Character Pipeline: Mixamo → Three.js

You need a rigged, animated character. Three options: hire a rigger (expensive), rig one yourself in Blender (weeks of learning), or use Mixamo. Adobe's free auto-rigger takes any humanoid mesh, places a skeleton, produces hundreds of mocap animations you can download as FBX. The catch: the export pipeline to Three.js has gotchas. This article is the full cookbook.

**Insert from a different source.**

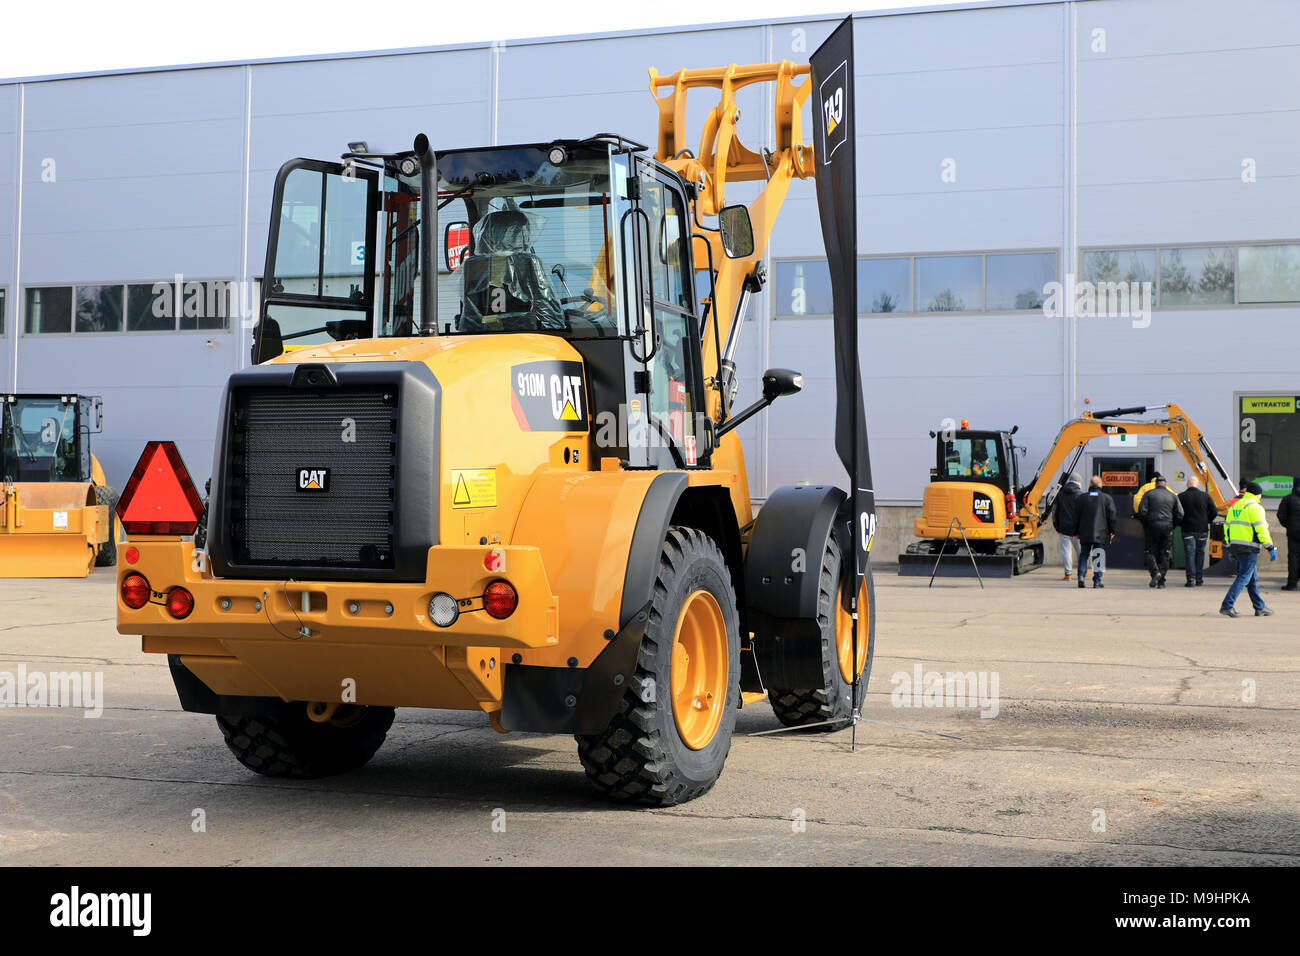 LIETO, FINLAND - MARCH 24, 2018: Cat 910 M compact wheel loader and other Cat equipment at the annual public event of Konekaupan Villi Lansi Machinery Stock Photo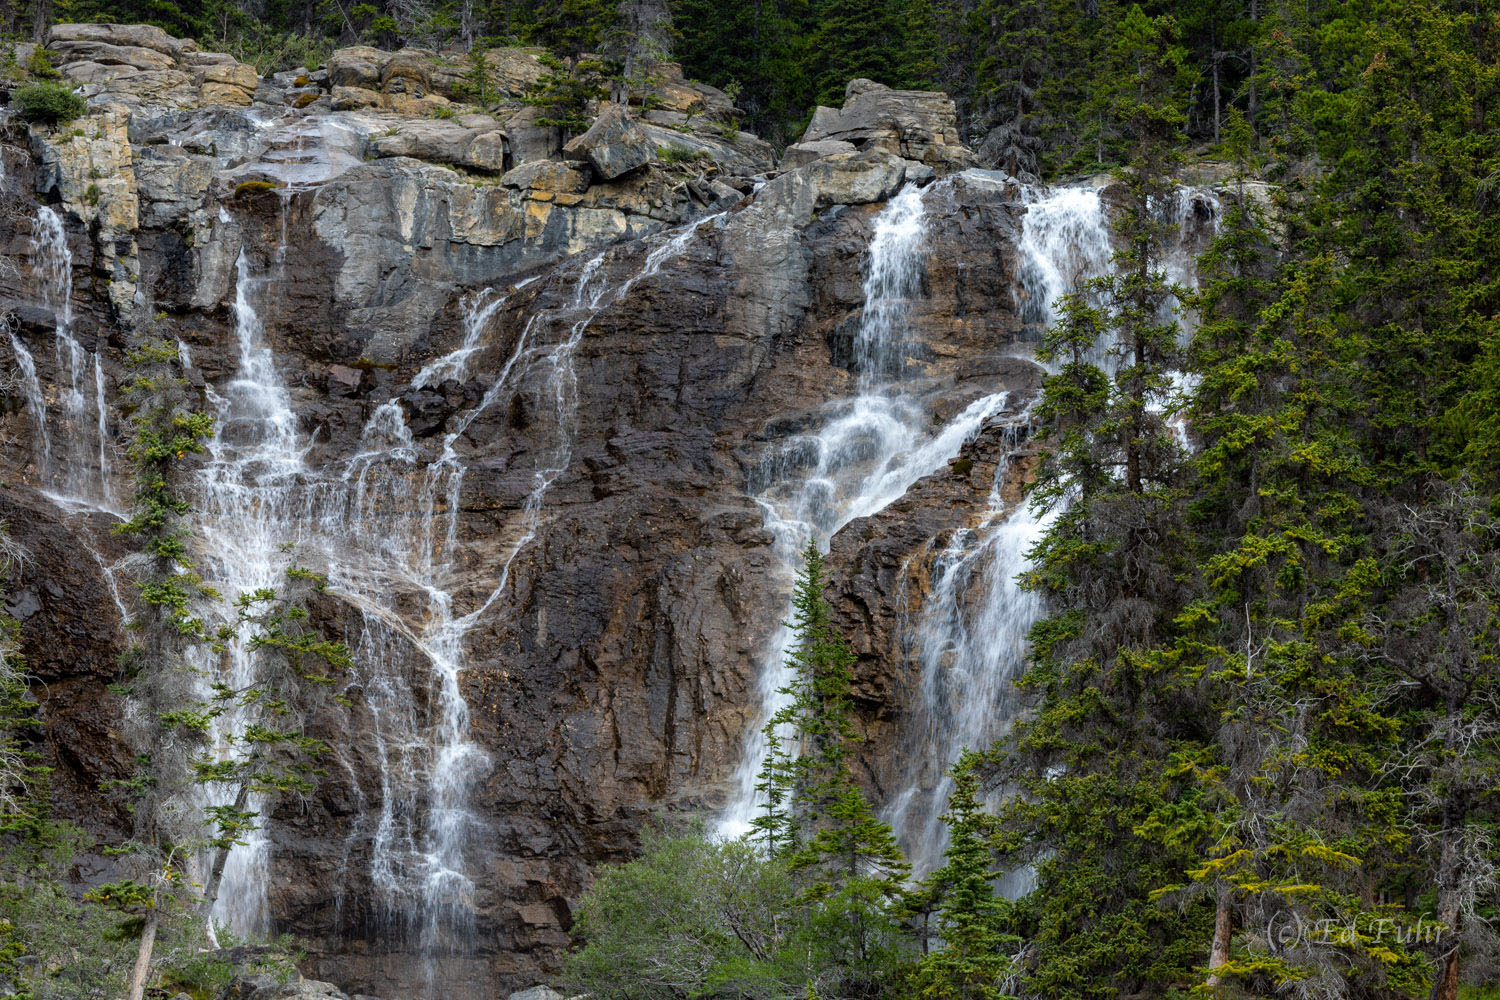 Waters tumbles down from Cirrus Mountain above and the Weeping Wall along the amazing Icefields Parkway.

Demo: a Mixamo character playing one of the clips in the library. Pick the clip from the dropdown. (We use a Three.js sample asset because we can't bundle Mixamo's FBX in a single HTML file, but the article covers the real workflow step by step.)

loading…

The 5-step pipeline

1Model a humanoid mesh (or grab one)
2Auto-rig via Mixamo
3Download clips + apply to character
4Merge + convert to glTF
5Load in Three.js

Step 1 — The mesh

Your character needs to be a humanoid — head, torso, two arms, two legs, roughly proportioned. A-pose or T-pose works. Not dual-horse, not four-armed — Mixamo's auto-rig only handles bipeds.

Source options:

For Mixamo upload, export as FBX or OBJ. Keep the mesh below ~40,000 polygons — Mixamo rejects higher counts. Single mesh, no hierarchy.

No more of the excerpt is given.